Как я уже говорил, лица женщин заключение делает человечнее и утонченнее – потому ли, что женщины лучше по натуре и это проявляется в одиночестве, или потому, что они – создания более мягкие, более терпеливые и привычные к страданию, – не знаю; но это так. Тем не менее вряд ли нужно добавлять, что, на мой взгляд, эта кара в отношении их так же несправедлива и жестока, как и в отношении мужчин.

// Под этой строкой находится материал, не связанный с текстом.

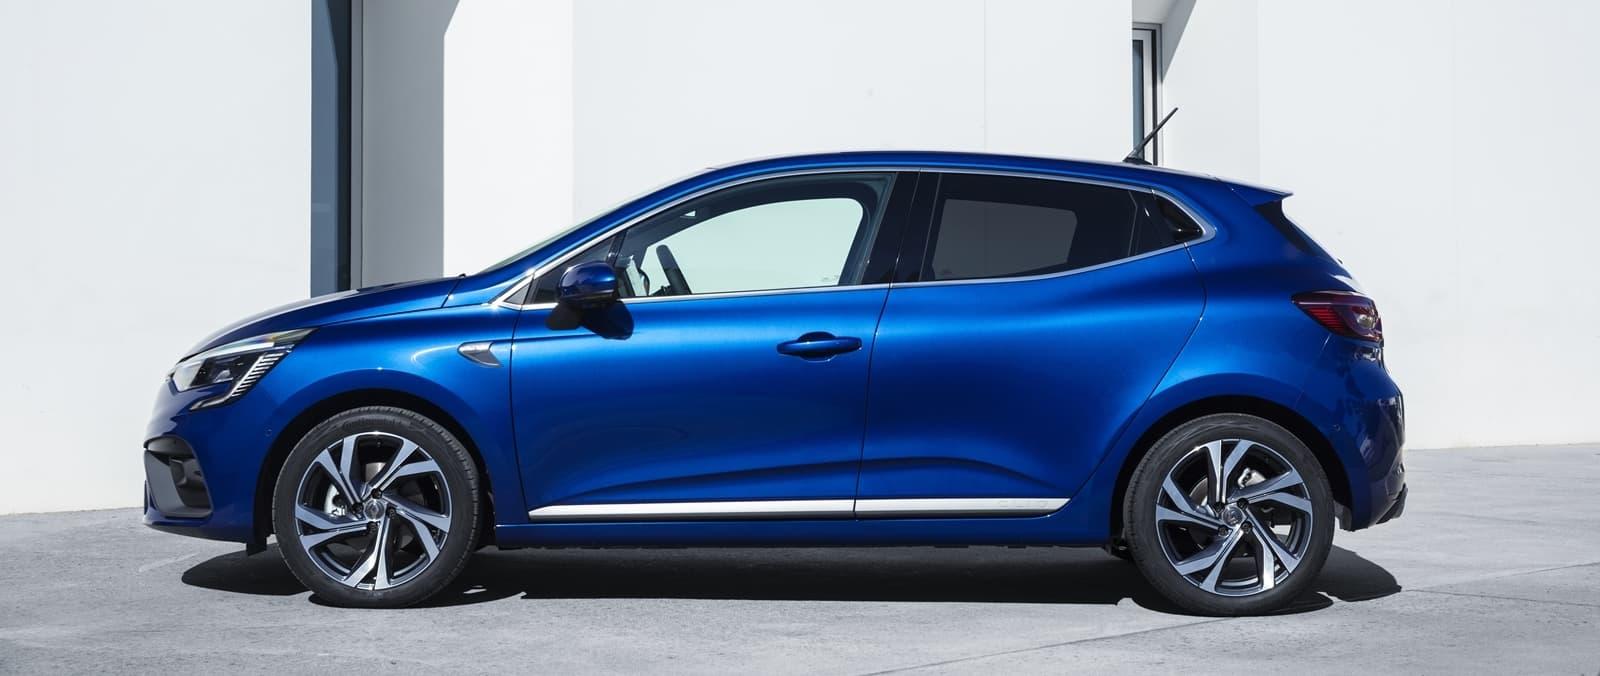 Renault Clio 2020 Prueba 0619 036

По моему глубокому убеждению, независимо от вызываемых им нравственных мук, – мук столь острых и безмерных, что никакая фантазия не могла бы здесь сравниться с действительностью, – одиночное заключение так болезненно действует на рассудок, что он теряет способность воспринимать грубую действительность внешнего мира с его кипучей деятельностью. Я твердо уверен, что те, кто подвергся такого рода испытанию, должны вернуться в общество морально неустойчивыми и больными. Известно много случаев, когда люди по собственной воле или по необходимости проводили свою жизнь в полном одиночестве, но я вряд ли припомню, даже среди мудрецов, обладавших ясным и могучим умом, хотя бы одного, у которого такой образ жизни не вызвал бы умственного расстройства или жутких галлюцинаций. Какие только чудовищные призраки, вскормленные унынием и сомнением, порожденные и взращенные в одиночестве, не бродят по земле, обезображивая мир и омрачая лик небес!
Самоубийства среди заключенных здесь редки, в сущности почти неизвестны. Но из этого отнюдь нельзя сделать логический вывод в пользу самой системы, хотя на этом часто настаивают. Все, кто посвятил себя изучению душевных болезней, прекрасно знают, что человек может впасть в такую предельную подавленность и отчаяние, которые изменят весь его характер и убьют в нем всякую душевную гибкость и способность сопротивляться, – и однако же он остановится перед самоуничтожением. Это обычная история.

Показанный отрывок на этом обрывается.